Except that she hated me. Not even just hate. She despised me. If looks could kill, I testified for weeks after we met, I would be dead. She probably would have danced on my grave.

She was as dangerous as fire and beautiful too. And God, playing with Jade was like playing with fire; thrilling and blood boiling and everything in between. That's what it was like in the beginning when I tried to gain her friendship. Dangerous and painful but, oh, so, hot.

She kissed me first. She tells everyone this. She was the brave girl who initiated what we both wanted. I was terrified. I wasn't supposed to kiss girls, even though I had moved far far away from Jamie and her mother. I had never forgotten those words. Kissing didn't belong between girls.

The words died on my tongue when Jade's touched mine. This was what I was looking for. This is what felt right. She felt right.

We jumped right into a relationship. I made her call me her girlfriend. I didn't want to be ashamed anymore. She was mine and I was hers and I wanted everyone to know. I was a girl and I kissed girls.

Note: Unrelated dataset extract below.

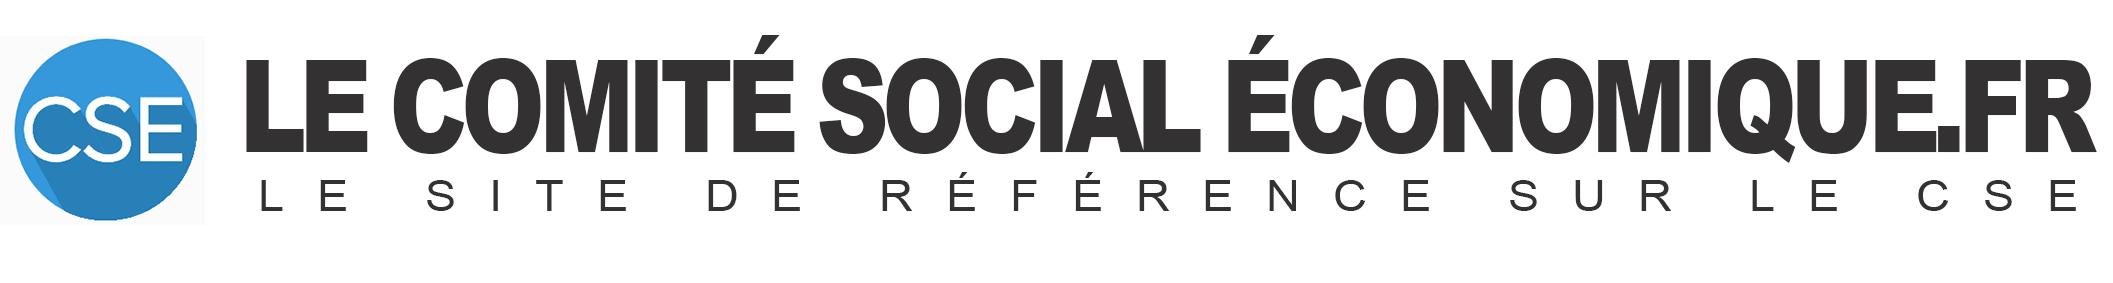 le-comite-social-economique.fr

Jade likes to brag that she was a bad influence on me. I beg to differ. I simply remind her that there was nobody important enough to sneak out of school with. That I never connected with those boys enough to want to make out with them.

She also likes to tell everyone that I influenced her. I don't think I was as much an influence as I was a motivation. I think she just needed someone to tell her that she was worth more than an empty bottle. And she is worth so much more.

Jade is more than I could have ever asked for in life. I love her and she loves me. We're good for each other and I don't care who knows it.